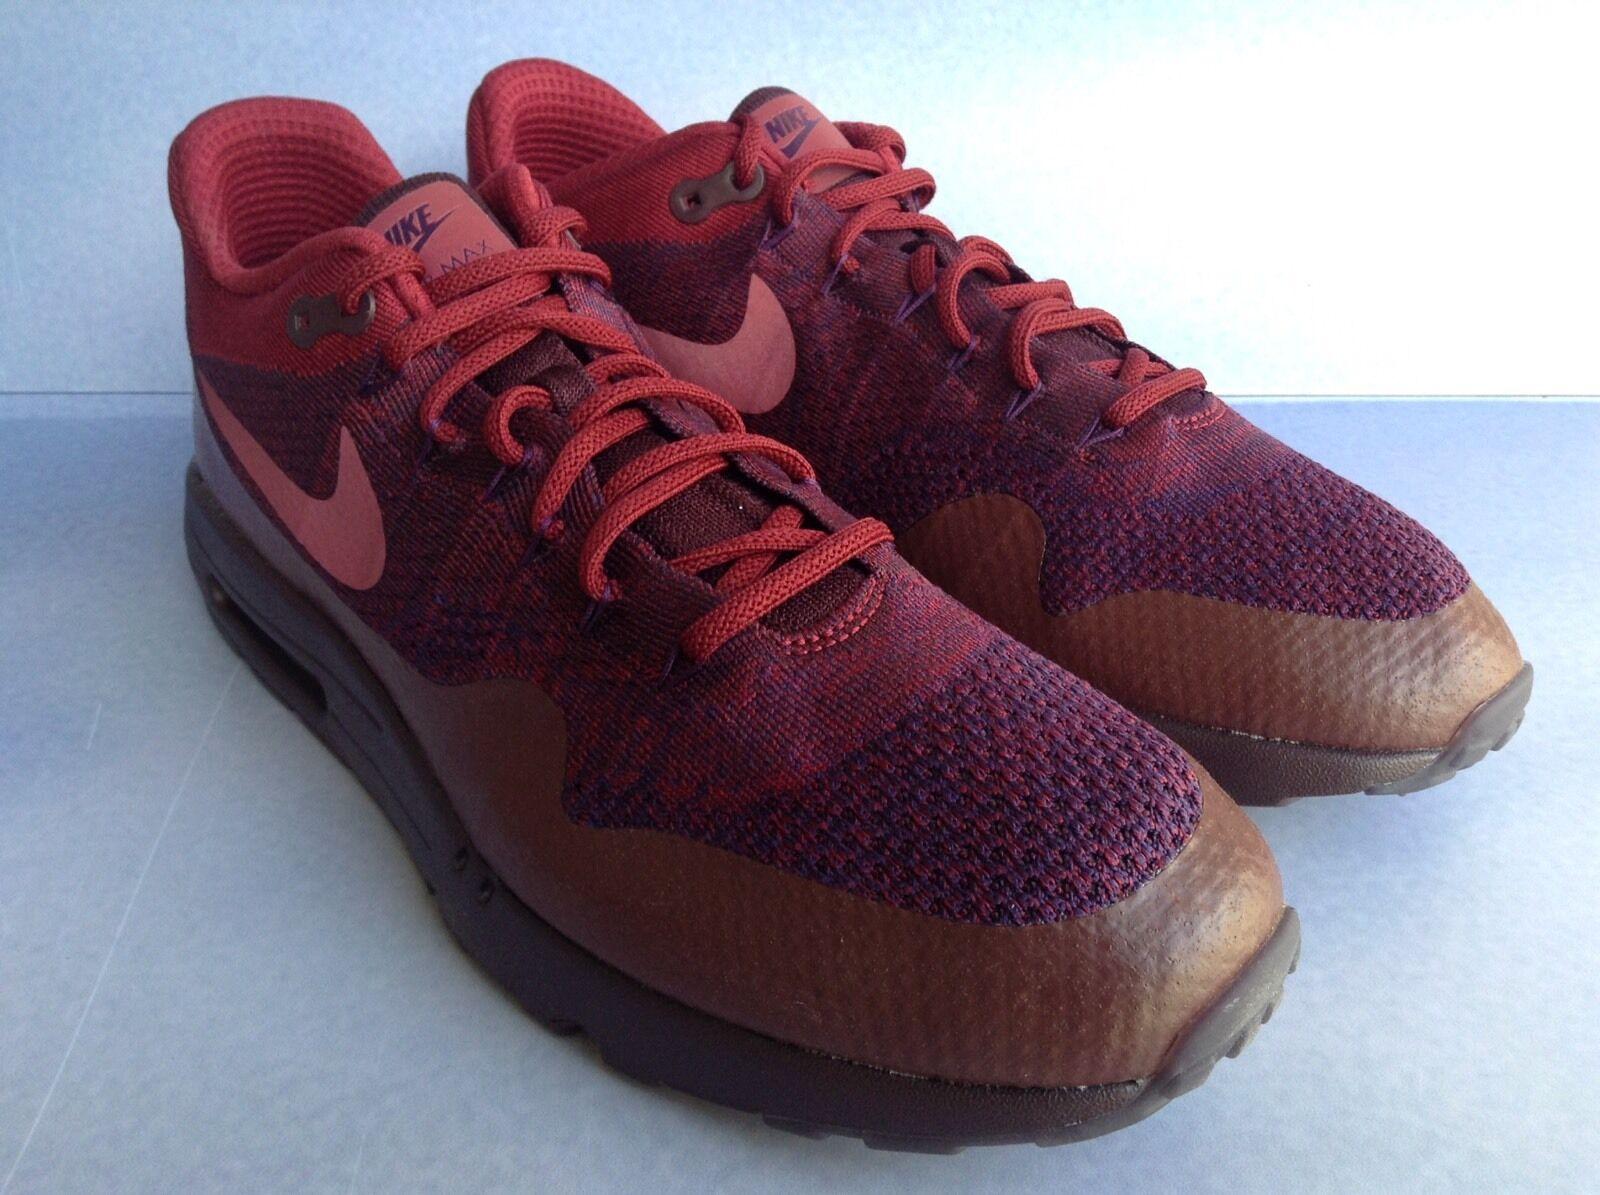 Nike air max 1 ultra sz.15 flyknit (856958 566) uomini sz.15 ultra (grand viola squadra rossa) 5262a6
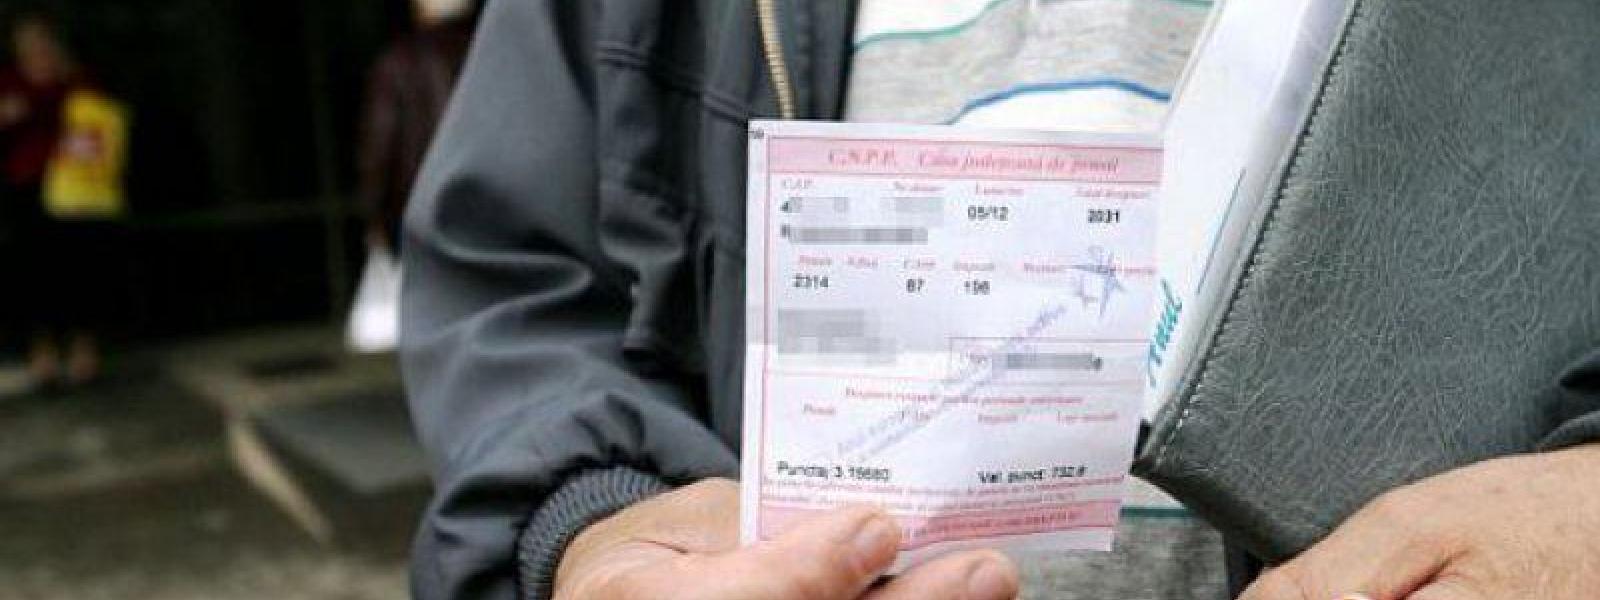 """Miercuri, 10.10.2018, noua lege a pensiilor a discutata de Guvernul Romaniei, la propunerea Ministerului Muncii.  Dupa sedinta de Guvern, ministrul muncii Lia Olguta Vasilescu, a declarat ca : """" Nicio pensie nu va scadea dupa recalculare, nu se modifica varsta standard de pensionare si nici stagiul de cotizare"""".  Conform noii legi, valoarea punctului de pensie va creste astfel : in anul 2019 va ajunge la 1265 de lei , in anul 2020 - 1775 de lei, in anul 2021 – 1875 de lei, reprezentand suma aferenta VPR ( v"""
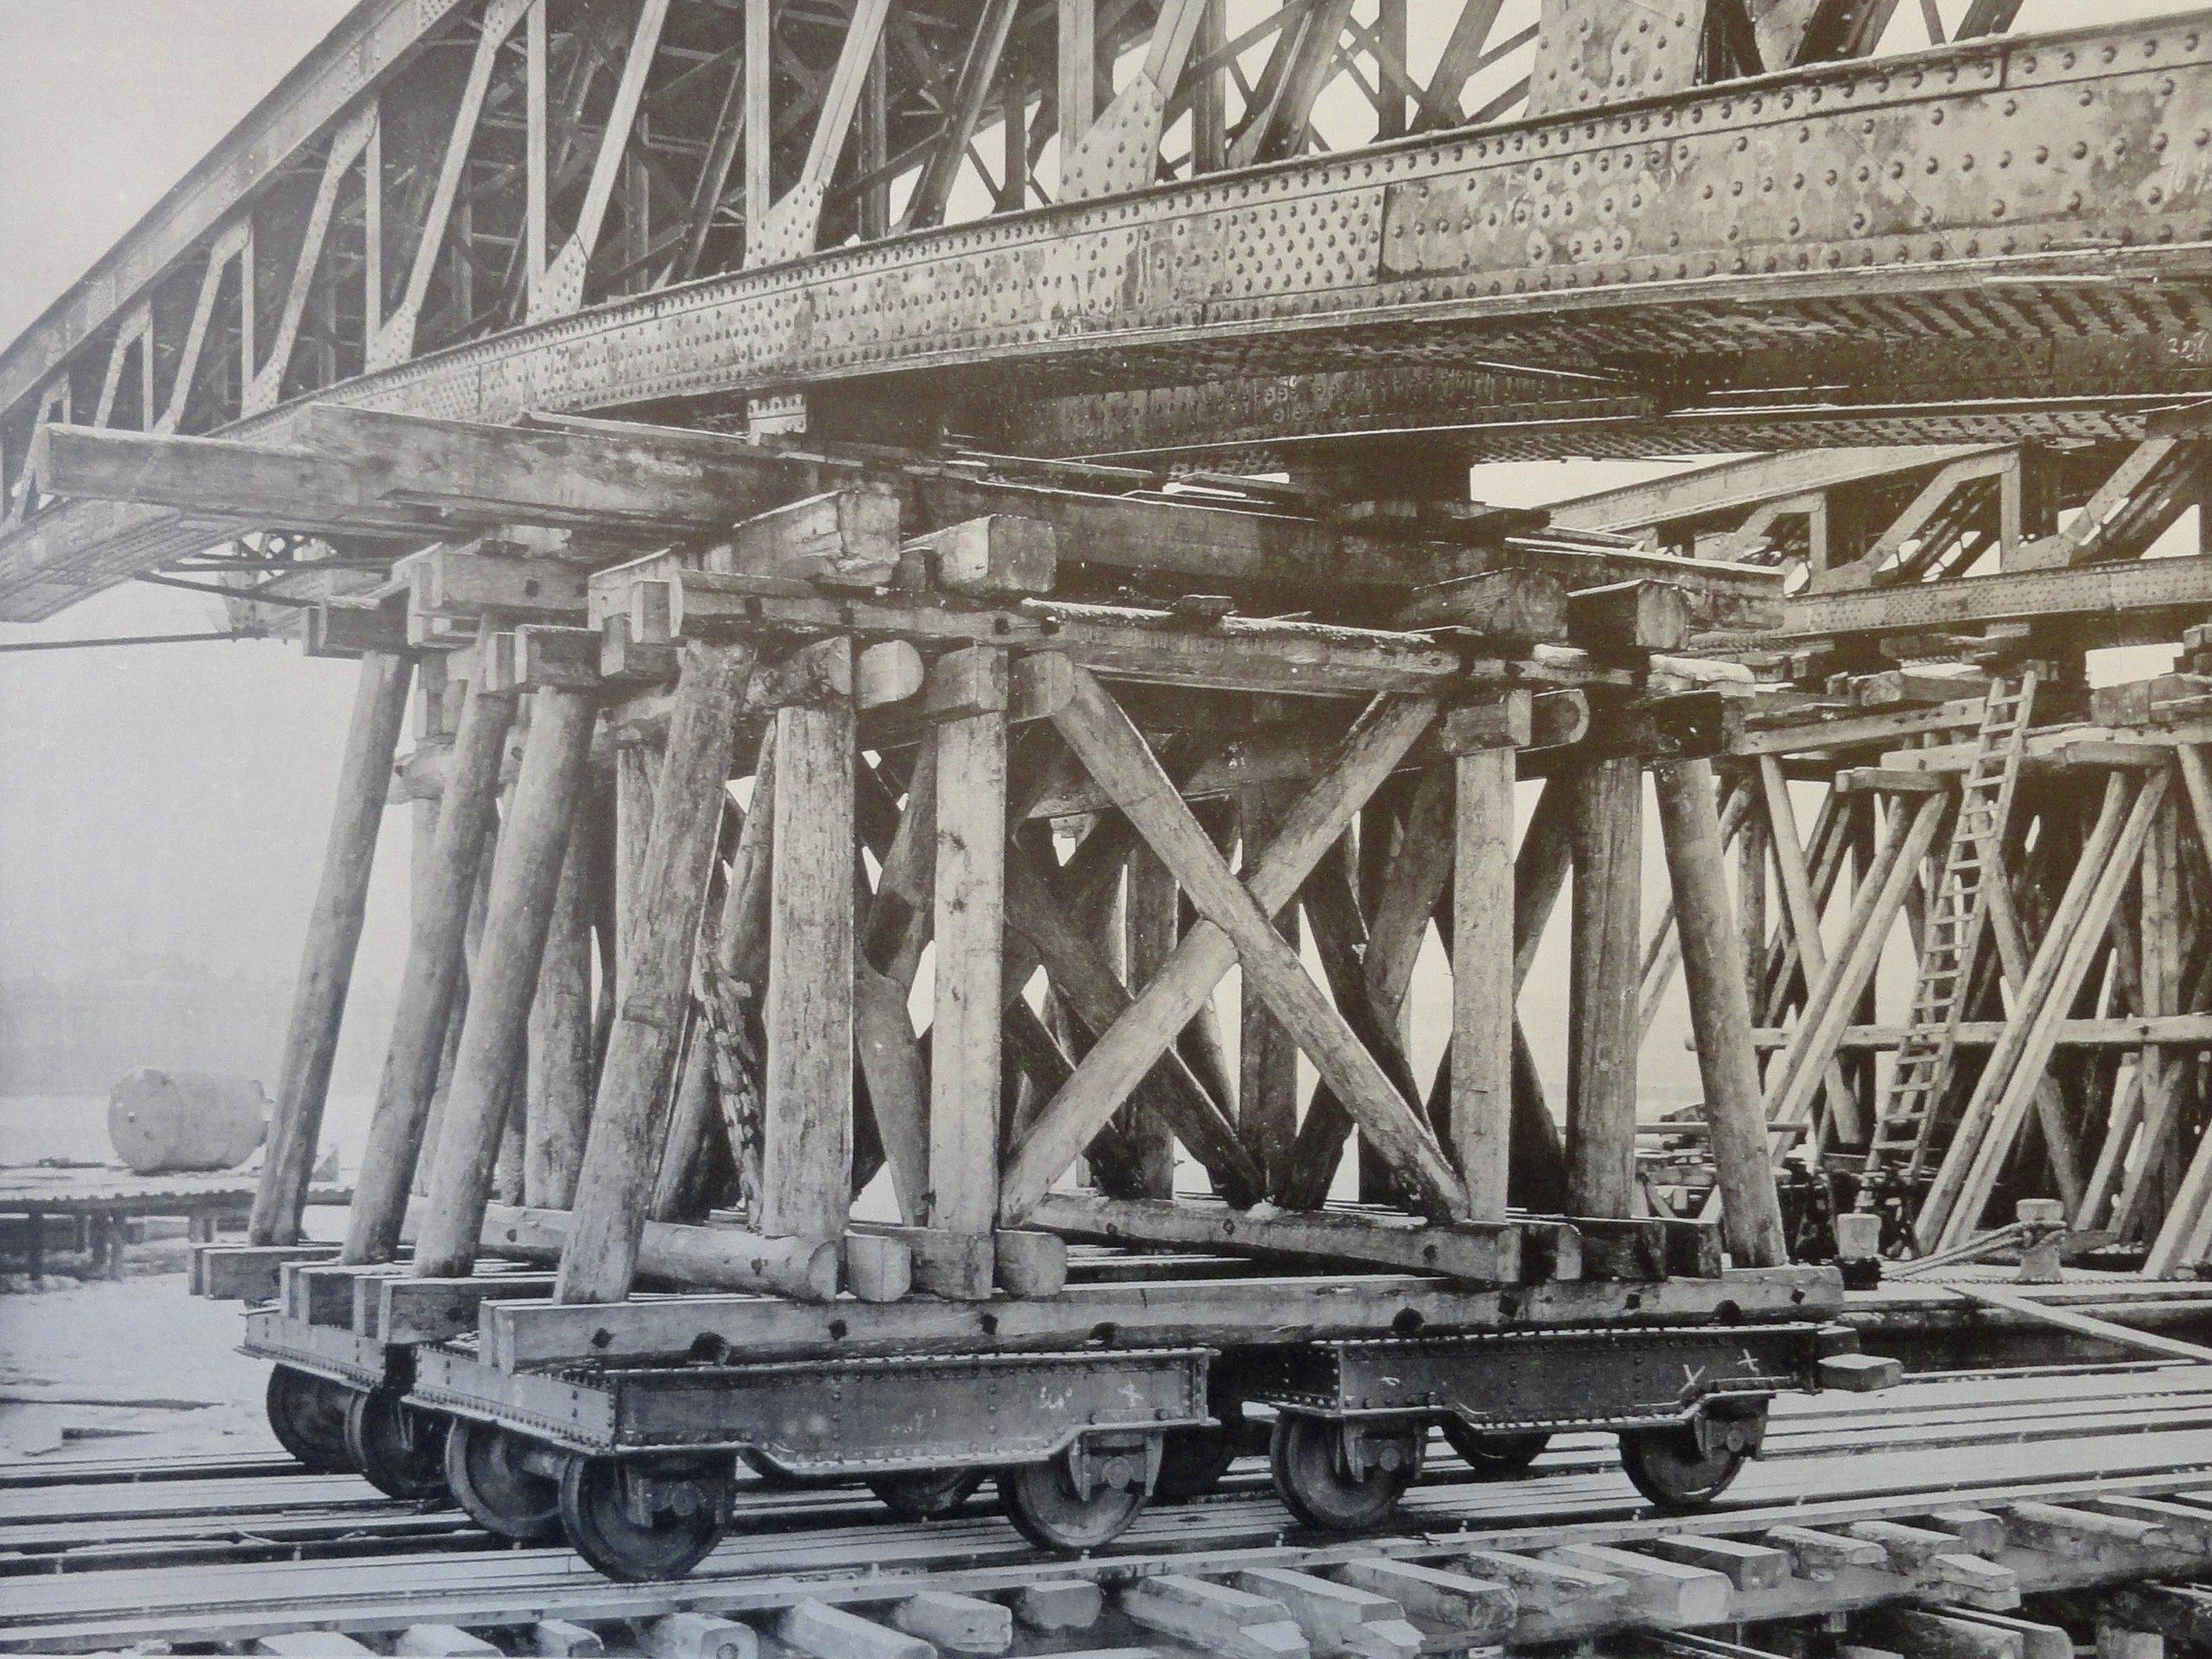 1900. Высокие тележки для перевозки арочных ферм. 12 декабря

....................

◆ Task to carry out
Output, exactly and without pictures, the span of lines that starts at the line containing "10.10.2018, noua lege" and ends at the last line above.

◆ Answer to this problem
 """Miercuri, 10.10.2018, noua lege a pensiilor a discutata de Guvernul Romaniei, la propunerea Ministerului Muncii.  Dupa sedinta de Guvern, ministrul muncii Lia Olguta Vasilescu, a declarat ca : """" Nicio pensie nu va scadea dupa recalculare, nu se modifica varsta standard de pensionare si nici stagiul de cotizare"""".  Conform noii legi, valoarea punctului de pensie va creste astfel : in anul 2019 va ajunge la 1265 de lei , in anul 2020 - 1775 de lei, in anul 2021 – 1875 de lei, reprezentand suma aferenta VPR ( v"""
 1900. Высокие тележки для перевозки арочных ферм. 12 декабря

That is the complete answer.